Se não deu tempo de comprar os vinhos da Páscoa antes, com calma e planejamento, você não terá de engolir o bacalhau a seco: há muita coisa boa em diferentes redes de supermercado, onde é possível comprar rótulos interessantes a bons preços mesmo no feriado. Por sorte, nenhum desses vinhos, diferentemente do peixe, precisa ser preparado na véspera. Uma hora de geladeira para os brancos e 30 minutos para os tintos deve dar conta do recado.
Antes de ir às vias de fato, ou melhor, aos rótulos, vale relembrar as regras do casamento feliz: pode-se combinar comida e bebida por geografia (itens de uma mesma região combinam por princípio), por semelhança (se a receita for leve, o vinho também deve ser; se for pesada, o vinho idem) ou por contraste (gordura no prato precisa de acidez na taça; pimenta pede alguma doçura).
No supermercado, sugiro descartar as garrafas que estão expostas diante de muita luz ou em vitrines e ficar atento às safras em vinhos cujo preço é mais baixo: até cinco anos de idade para os tintos, até três para os brancos e rosados será mais garantido.

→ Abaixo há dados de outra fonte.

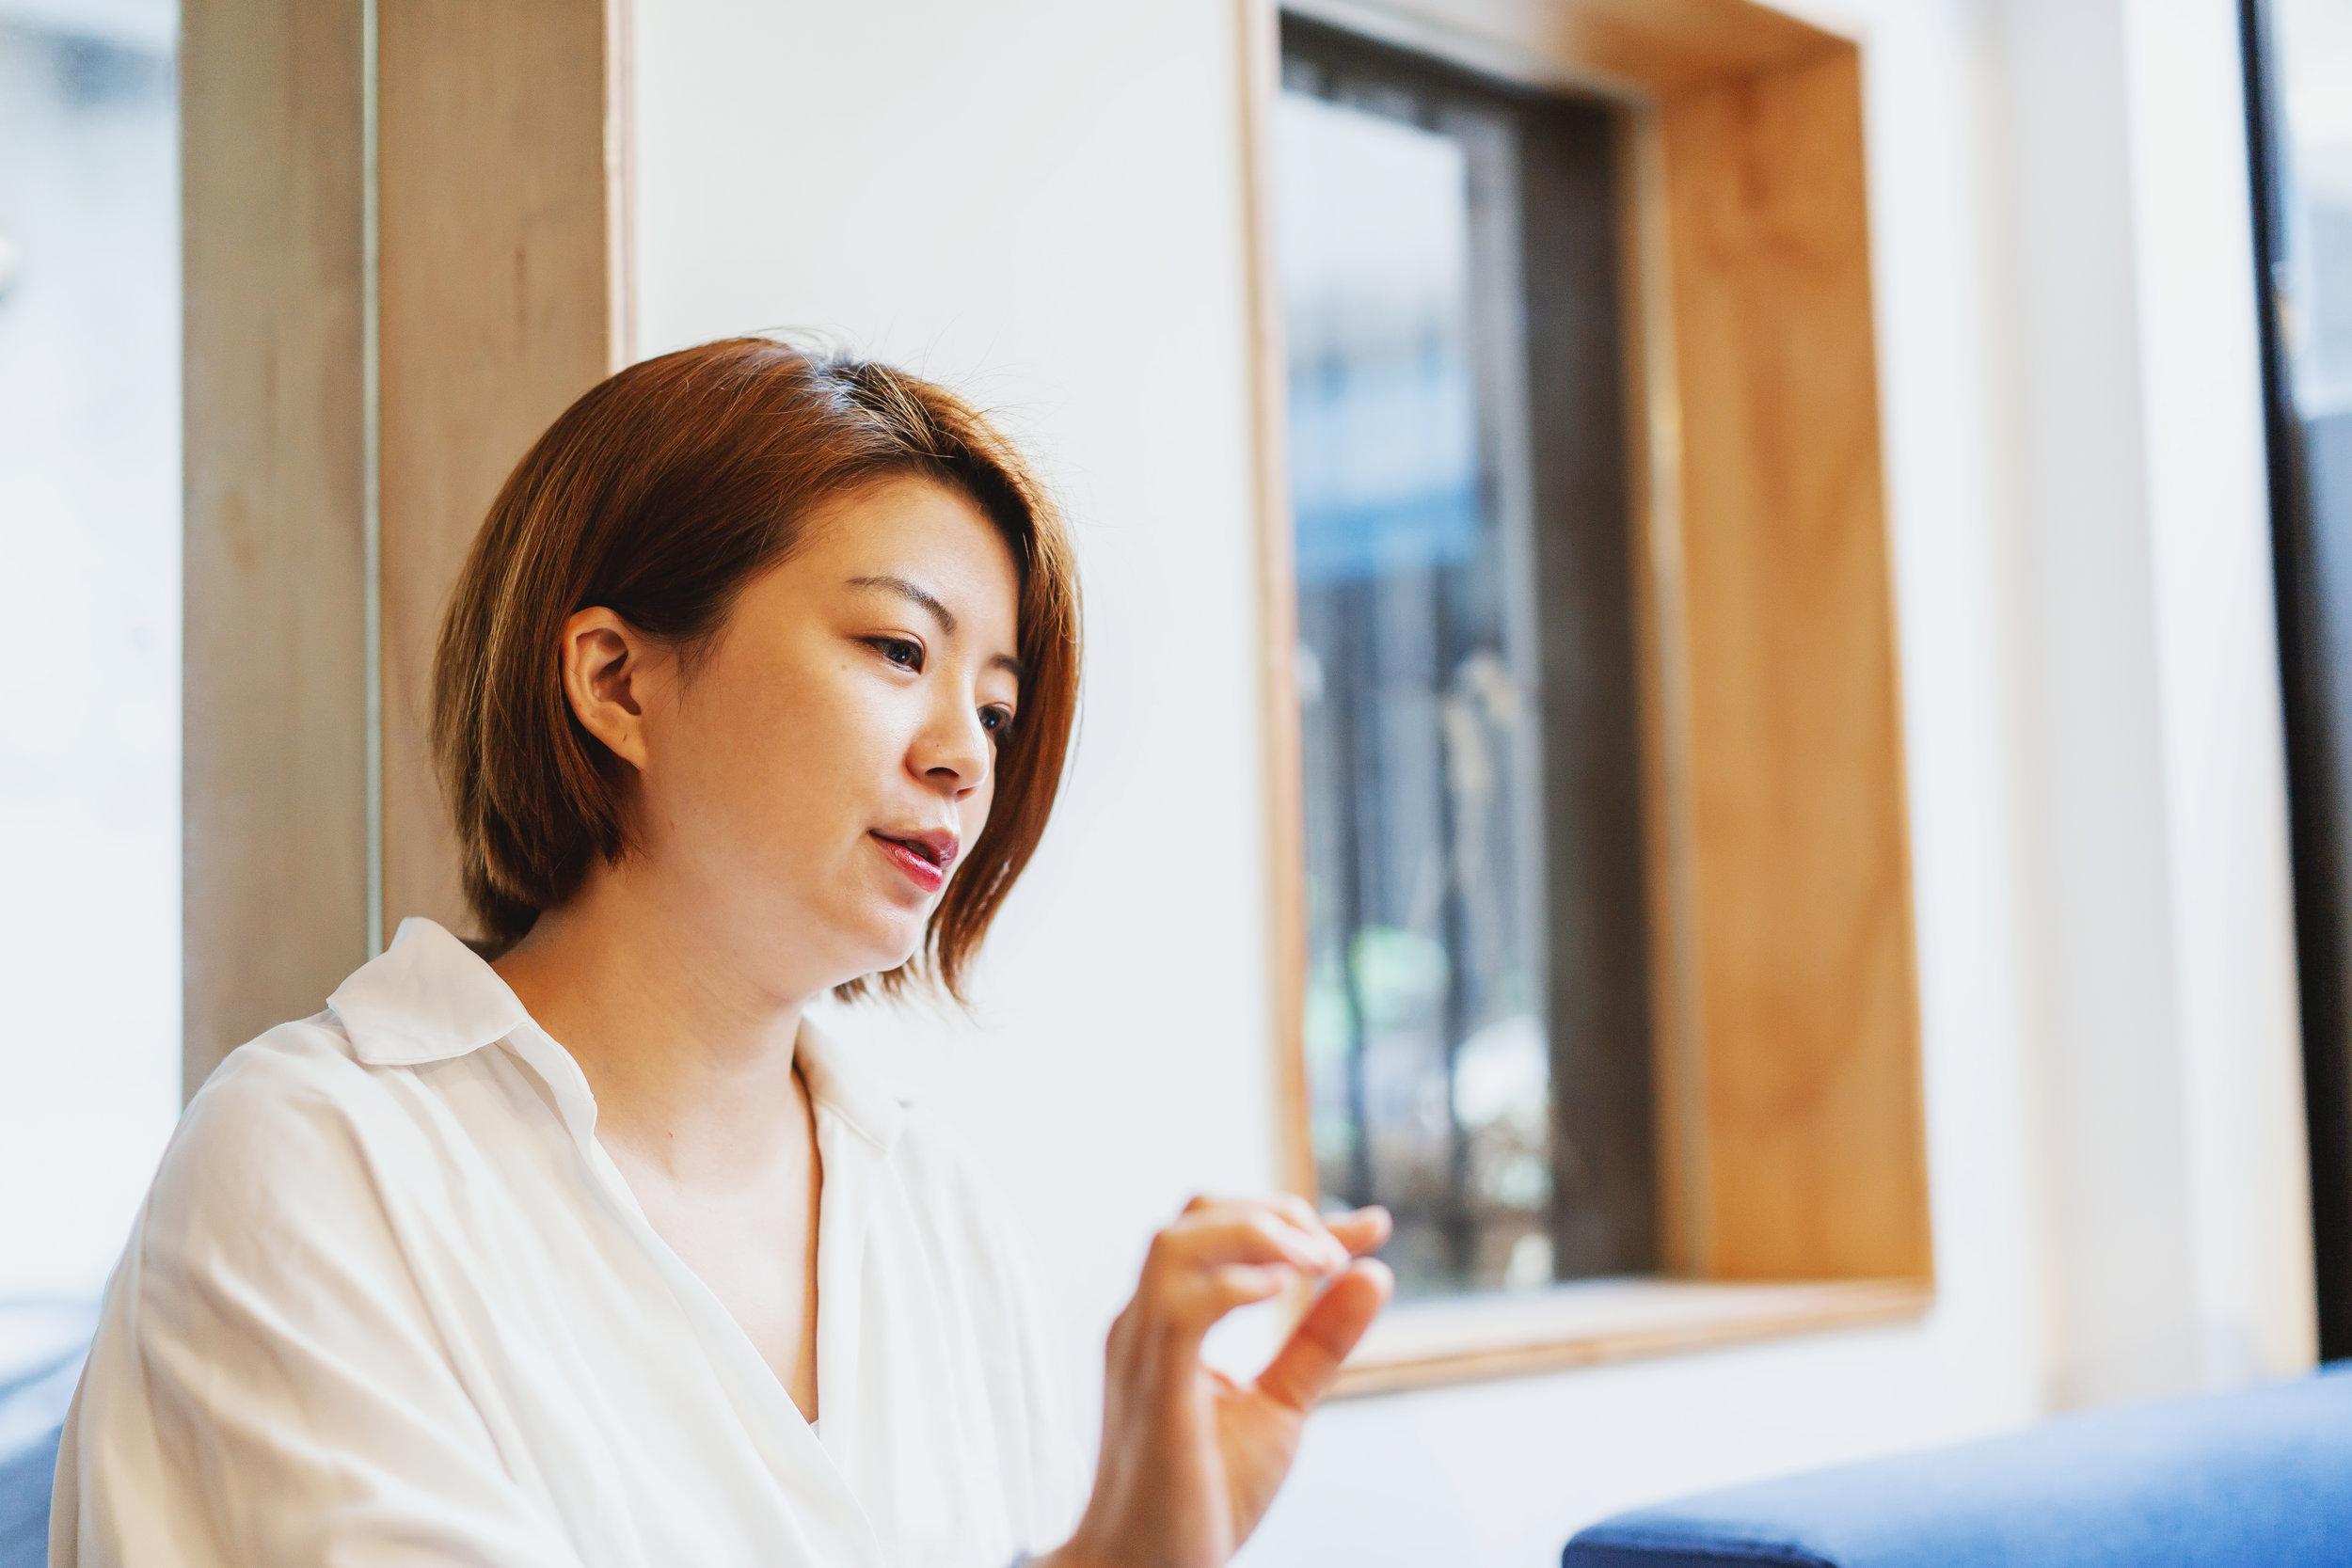 刘冠吟提到,读小日子杂志的人和走进店里消费的人,约仅有50%左右的重叠,但她深信,透过店内的产品和讲座的交流,可以让更多人了解小日子真正想做的事。

Para quem não abre mão das borbulhas para começar, sugiro o Geisse Amadeu Brut (R$ 109 no St. Marché) ou o Valduga Brut (R$ 129 no Mambo), ambos feitos por excelentes produtores do Sul, que trazem perlage fino e elegância. Se você empreender no projeto de bolinho de bacalhau, vai ser um casamento feliz, porque as borbulhas são capazes de eliminar qualquer resquício de gordura na boca.
Brancos feitos com a alvarinho na região dos Vinhos Verdes, como o Torre De Lapela Alvarinho (R$ 59 no Pão de Açúcar), de Monção e Melgaço, são leves e têm efeito quase de enxaguante bucal, de tão eficientes que são em preparar o ambiente (a boca) para a próxima porção.
Se o seu prato principal é feito com o bacalhau, o casamento por geografia é uma aposta certa: foque nos vinhos portugueses, que oferecem bom preço e qualidade, além de muita diversidade, pois o país está sempre no pódio das importações brasileiras.
Para o bacalhau com natas, indico a região do Alentejo, que faz vinhos com mais álcool e estrutura. O Ravasqueira Clássico Branco (R$ 81 na Casa Santa Luzia), feito com antão vaz, arinto e viognier, é um bom candidato, com o corpo certo, acidez e certa untuosidade, notas cítricas e florais.
Se o mar está mais para peixe fresco, aí é preciso pensar na espécie e na receita. Peixes brancos em receitas simples vão bem com vinhos levinhos e sem passagem por madeira. Um jeito de sair do comum é provar um sauvignon blanc neozelandês como o Acquamarine (R$ 109 no Pão de Açúcar), que traz notas mais herbáceas. O Siegel Chardonnay (R$ 42 no St. Marché) é uma pechincha e muito bem feitinho.
Receitas mais elaboradas pedem vinhos com mais estrutura. Para moqueca com dendê, gosto dos laranjas, como o Lazy Winemaker (R$ 167 no Quitanda), feito com sauvignon blanc, com nota marcada da levedura. Já para a paella, prefiro um rosado como o Esporão Monte Velho (R$ 103 no Mambo).
Para as chocólatras de plantão, há jeito de casar vinho e doce, claro. Para os ovos de Páscoa, Porto Ferreira Ruby (R$ 159 no Pão de Açúcar) na temperatura certa: resfriado. Se a sobremesa vai ser algo da doçaria portuguesa, iria no vinho da Madeira Barbeito Boal Reserva (R$ 223 no Quitanda), que vai deixar até as formigas de queixo caído.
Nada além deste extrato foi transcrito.